The sheer variety of the work in powered access is a theme that many women have mentioned.

Skill variety and development

As Debbie Lewis, an IPAF Independent Instructor, comments, “This is a very rewarding job and there are lots of opportunities to gain new skills and pass this knowledge on to your training delegates. Every day is different – no two days are the same!”

Lewis’s sentiments are echoed nearly word-for-word by Kate Bell, Head of UK Training for Nationwide Platforms, part of the Loxam Group.

“What I love about this industry are the hard-working people that you meet and the challenges we face – no two days are ever the same,” says Bell.

Debbie Lewis, an IPAF Independent Instructor. Debbie Lewis, an IPAF Independent Instructor. (Photo: IPAF)

“I get to play a part in assisting our customers from personal and professional development through to fulfilment and completion of a project – with safety being paramount, so everyone goes home safe to their families and loved ones at the end of each day.

“The customers we work with are fantastic, really safety-conscientious owing to their high-risk working environments. This creates agile and innovative thinking, which in turn inspires me.”

Careers with high levels of job satisfaction

This focus on safety being the key driver of a passion for quality training is another recurring theme.

All those we spoke to in training roles are acutely aware that the end goal is to raise the bar on safety.

Coupe says, “I try to make a real impact with my work and help others. I’ve been an ambassador for training for a long time, coupled with a passion for safety in the industry.

“I’ve been lucky enough to work with inspirational people at Certora Training, who continue to encourage and support me to achieve my goals.

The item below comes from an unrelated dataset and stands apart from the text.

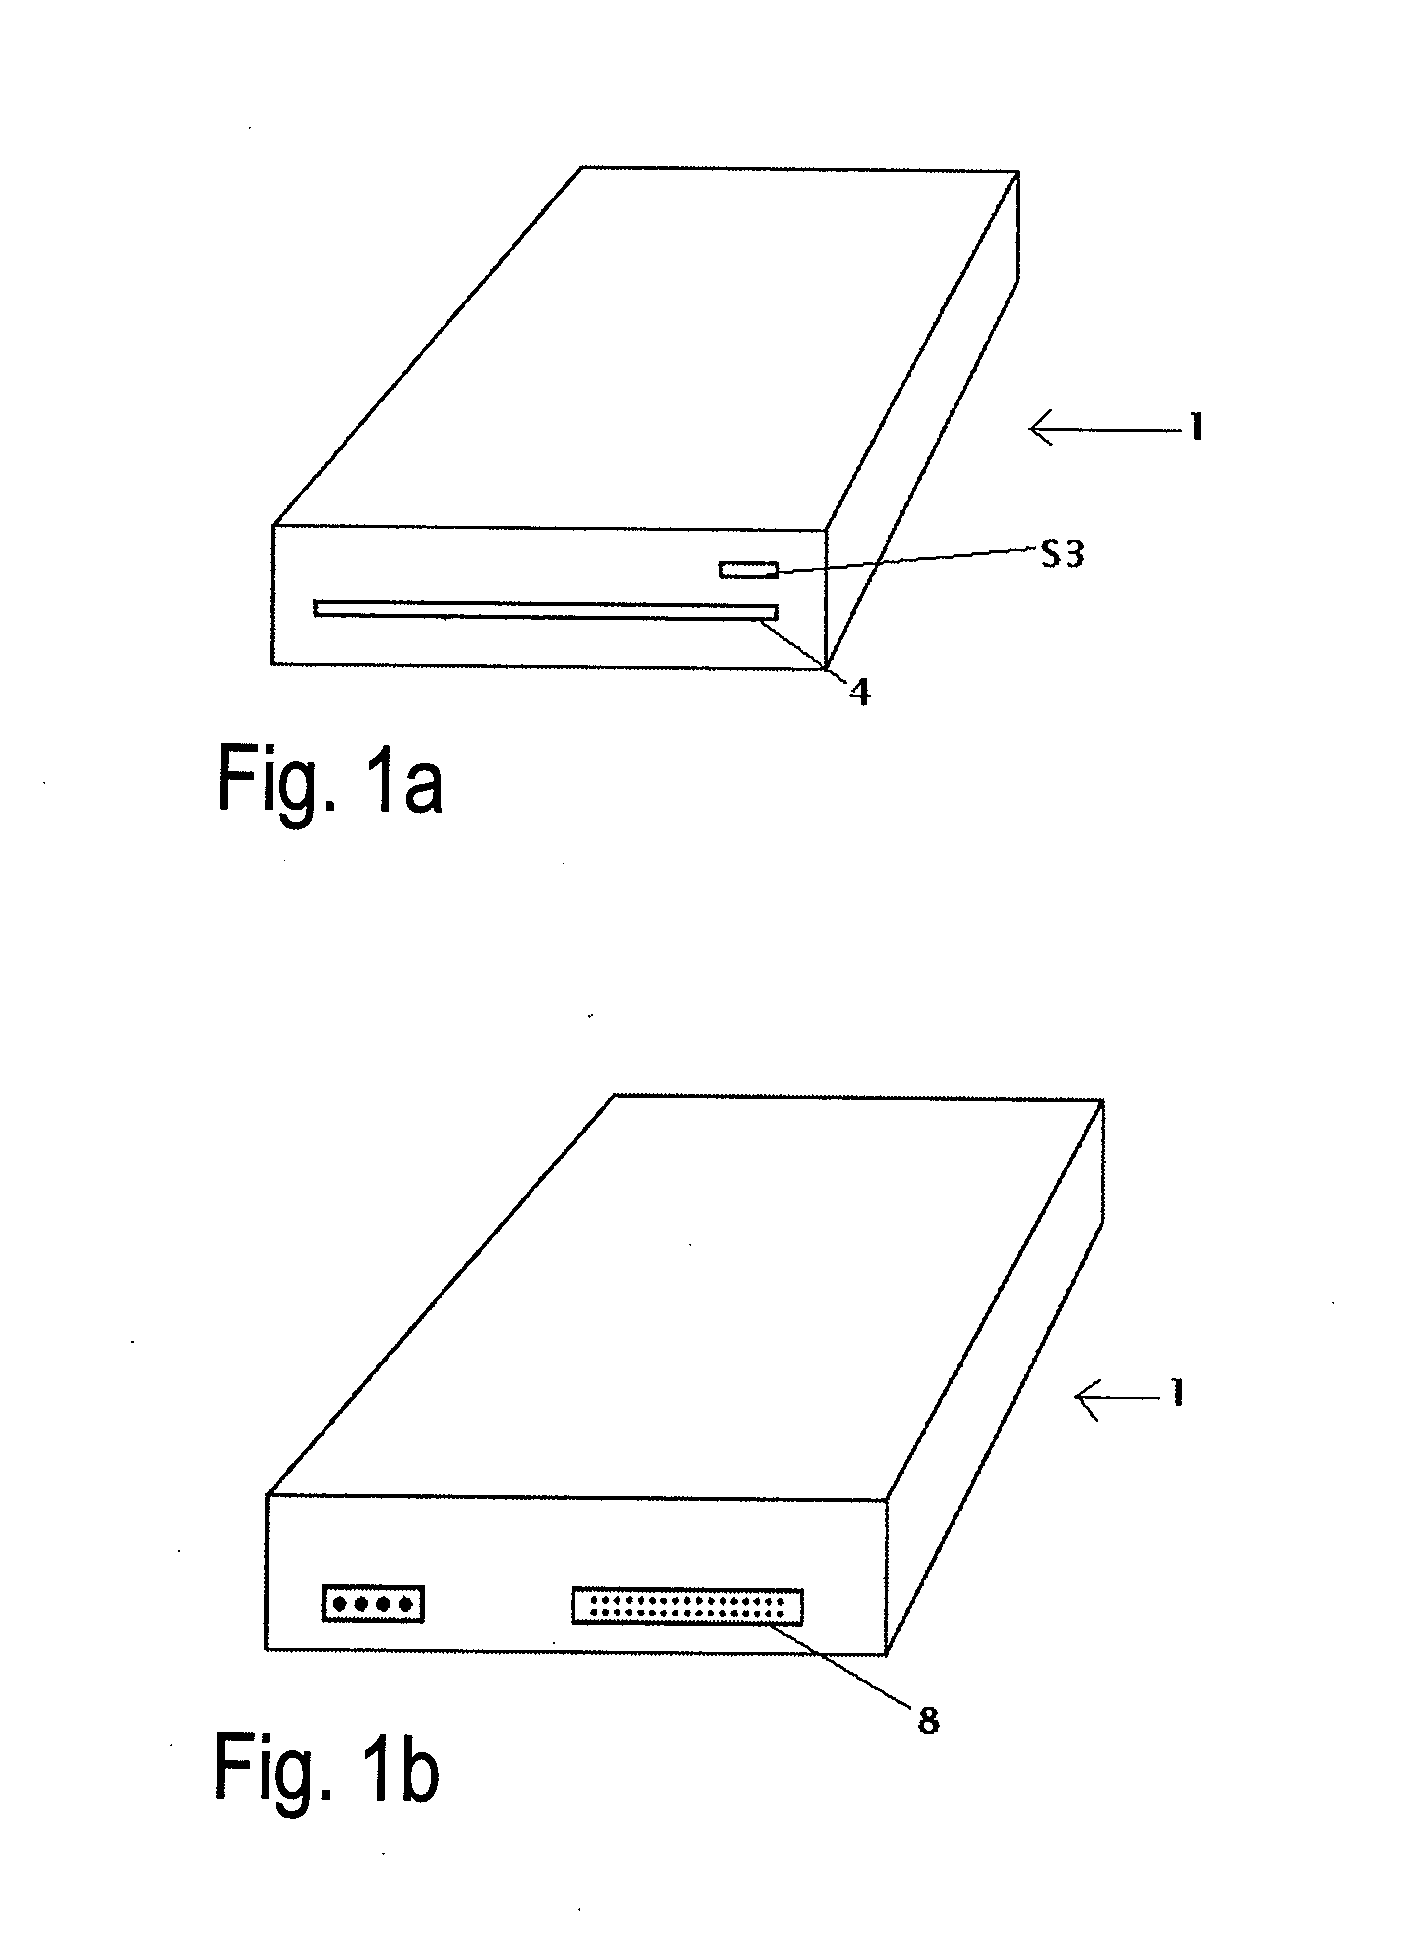 Method and Device for Accessing Microforms

“I hope to continue to make a difference and contribute towards helping people get home safely after working at height,” she adds, in an echo of Bell’s words.

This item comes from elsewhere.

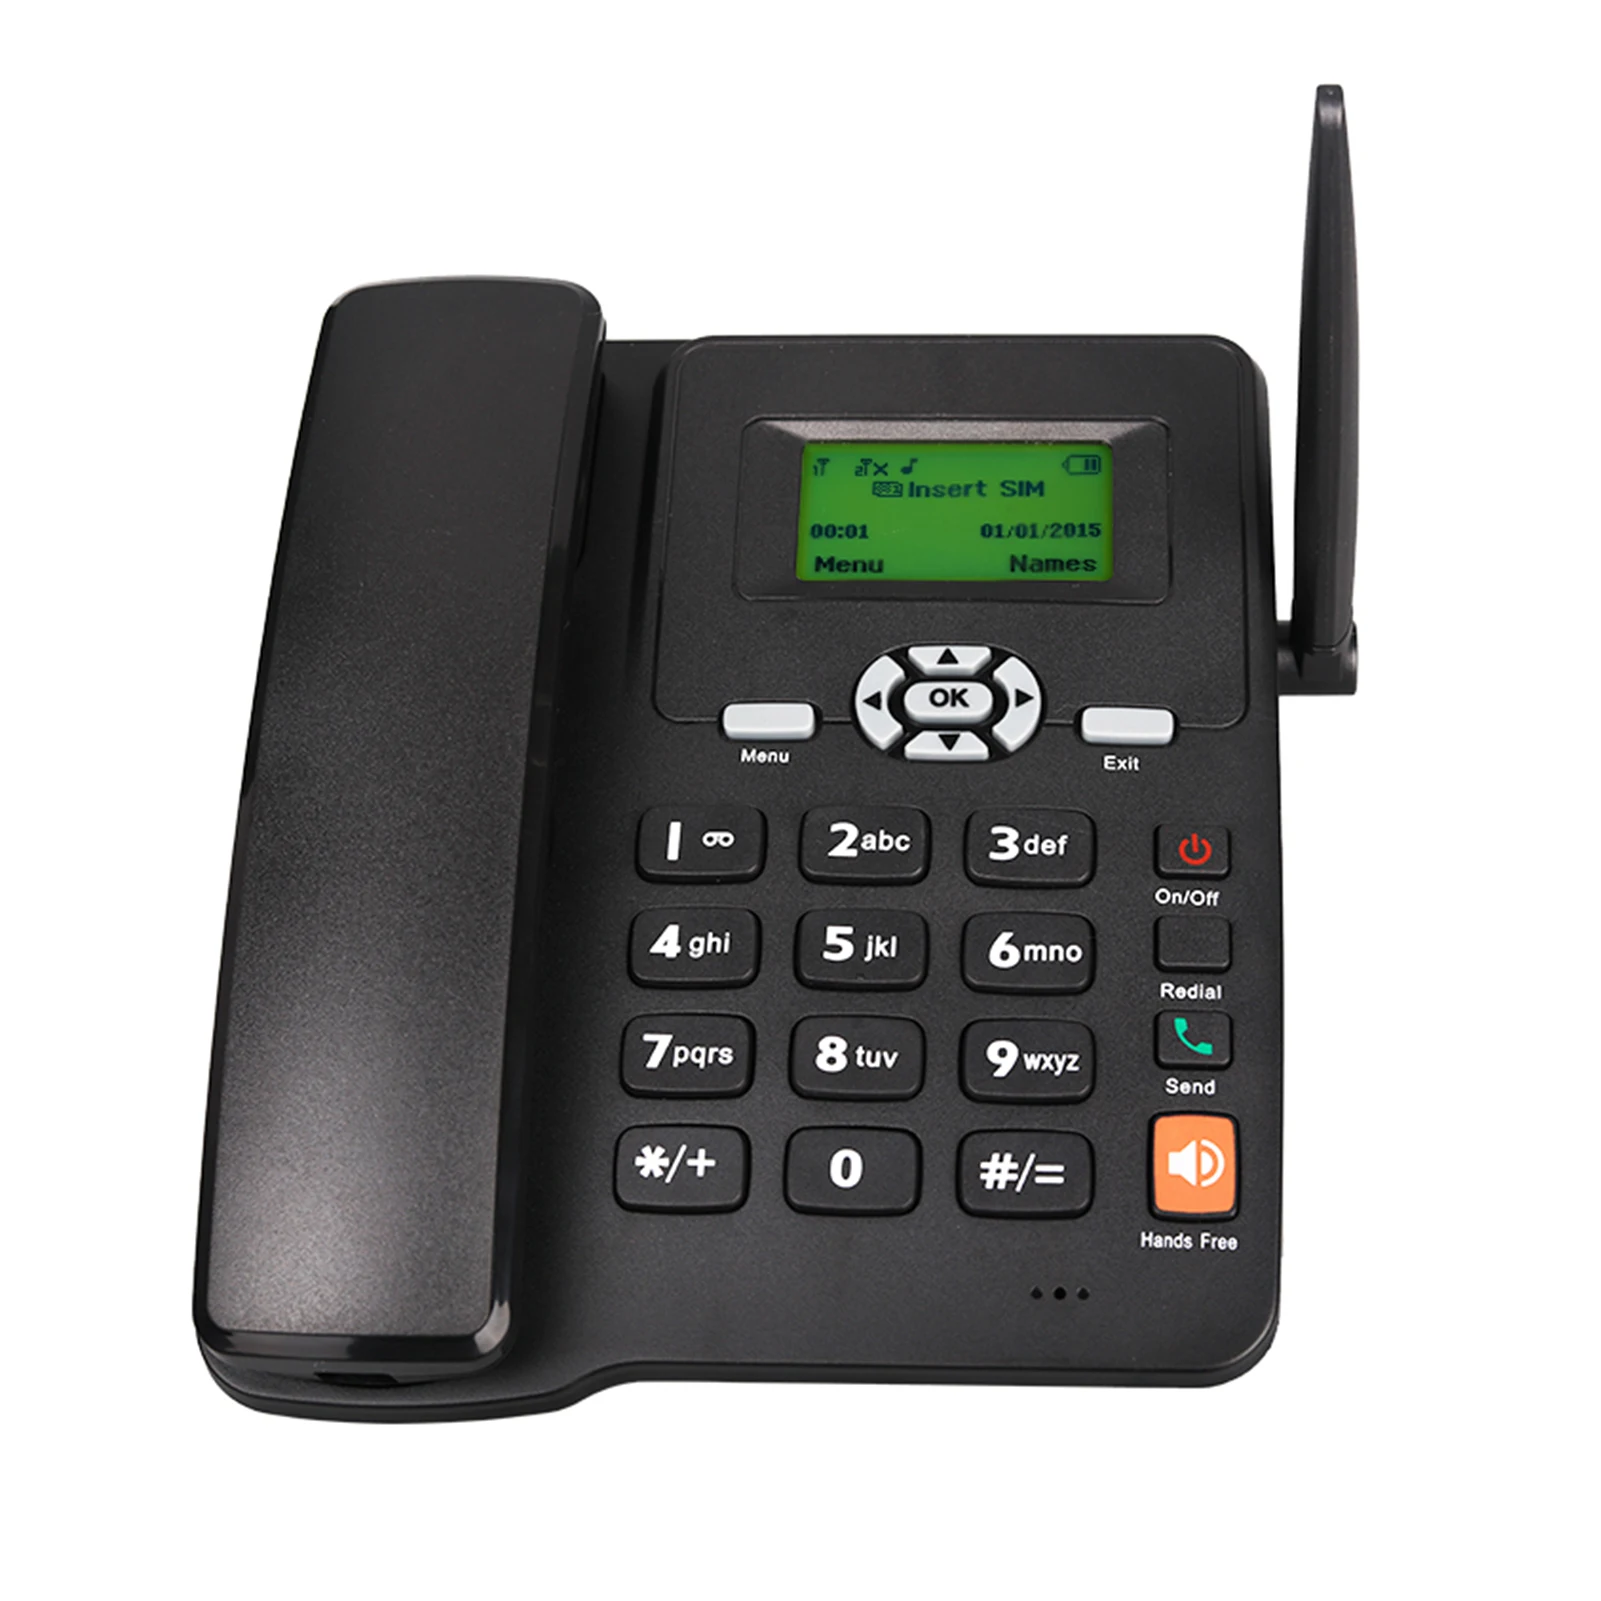 Cordless Phone Desktop Telephone Support GSM 850/900/1800/1900MHZ Dual SIM Card 2G Fixed Wireless Phone with Antenna Radio Alarm

Similarly Bonsall said that being a part of people’s personal growth journeys and seeing them “develop their skills, knowledge and behaviours and creating an environment where they can be successful”, is also highly rewarding.

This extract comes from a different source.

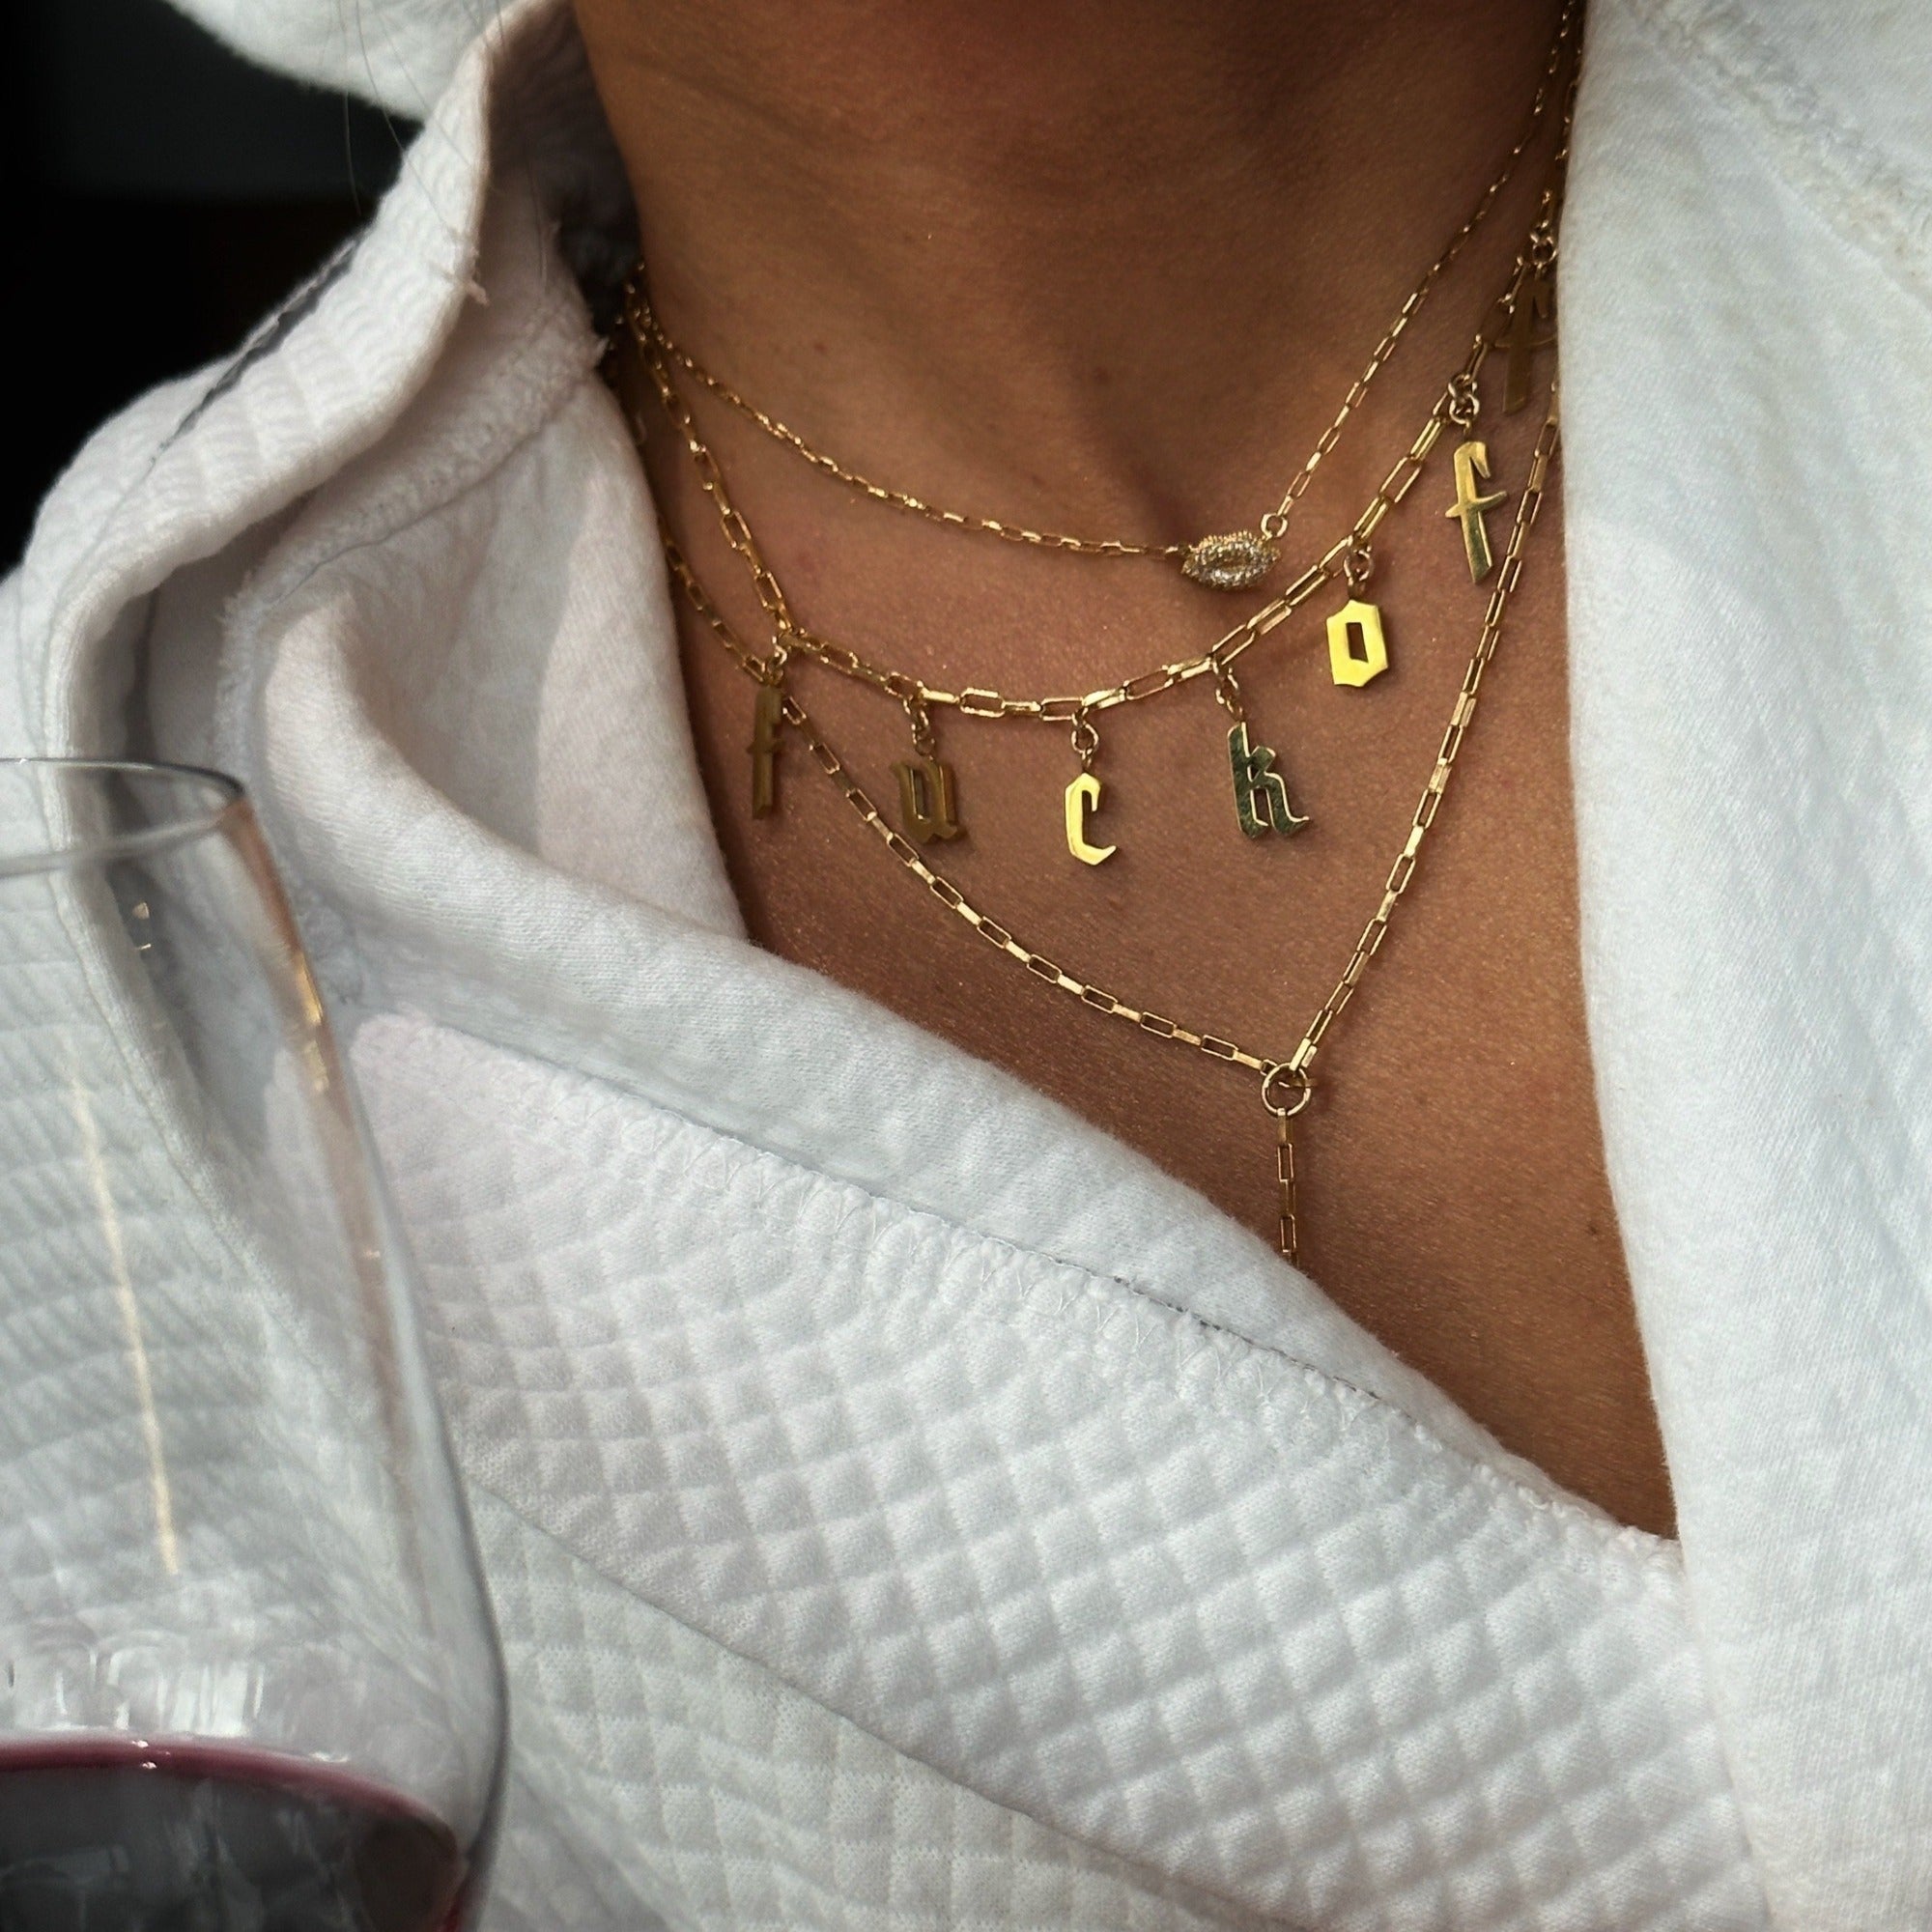 The Fuck Off Necklace by Erin Fader Jewelry

She says, “Whether they be learners attending one of our training courses, instructors and assessors delivering training, or members of my team... I am inspired when I see how our services and the industries that we operate in have such a positive impact on the capabilities and safety of others.”

Lewis also finds fulfilment in helping people overcome their fears to boost their skills and confidence.

“I try my best each day to give my training delegates confidence through gaining a qualification that helps them in their workplace,” Lewis says.

“I also enjoy helping them overcome their fear of heights and try to make the day as enjoyable as possible for them.”

Encouraging women in the equipment industry

When it comes to offering a few sage words of advice to other women in the industry or those plotting a new career path, all are full of encouragement for those who would follow in their footsteps.

Kate Bell,Kate Bell, Head of UK Training for Nationwide Platforms, part of the Loxam Group. Kate Bell, Kate Bell, Head of UK Training for Nationwide Platforms, part of the Loxam Group. (Photo: IPAF)

Bell says, “If you are thinking about joining the industry and are looking for a diverse, challenging and rewarding career, just do it.

“For those who are already within the industry and are wanting to progress their career further – set yourself some goals, and arrange a structured feedback session with your line manager.

“Don’t be afraid to ask what you need to do to progress those goals; self-awareness and the willingness to evolve is key.

Bell adds, “Above all, always be yourself, stay focused and be inspired! Gender should not determine your success, only you can do that!”

Likewise, Bonsall is keen to convey her enthusiasm to potential new entrants into the world of powered access.

“Get involved – it is a great industry to work in and one I can honestly say I’ve never struggled in, regardless of the demographic split.”

Lewis and Coupe are also resounding in their advice to not let the perceived gender imbalance put women off.

“If you have good communication skills and enjoy meeting lots of different people, this is an excellent career choice.”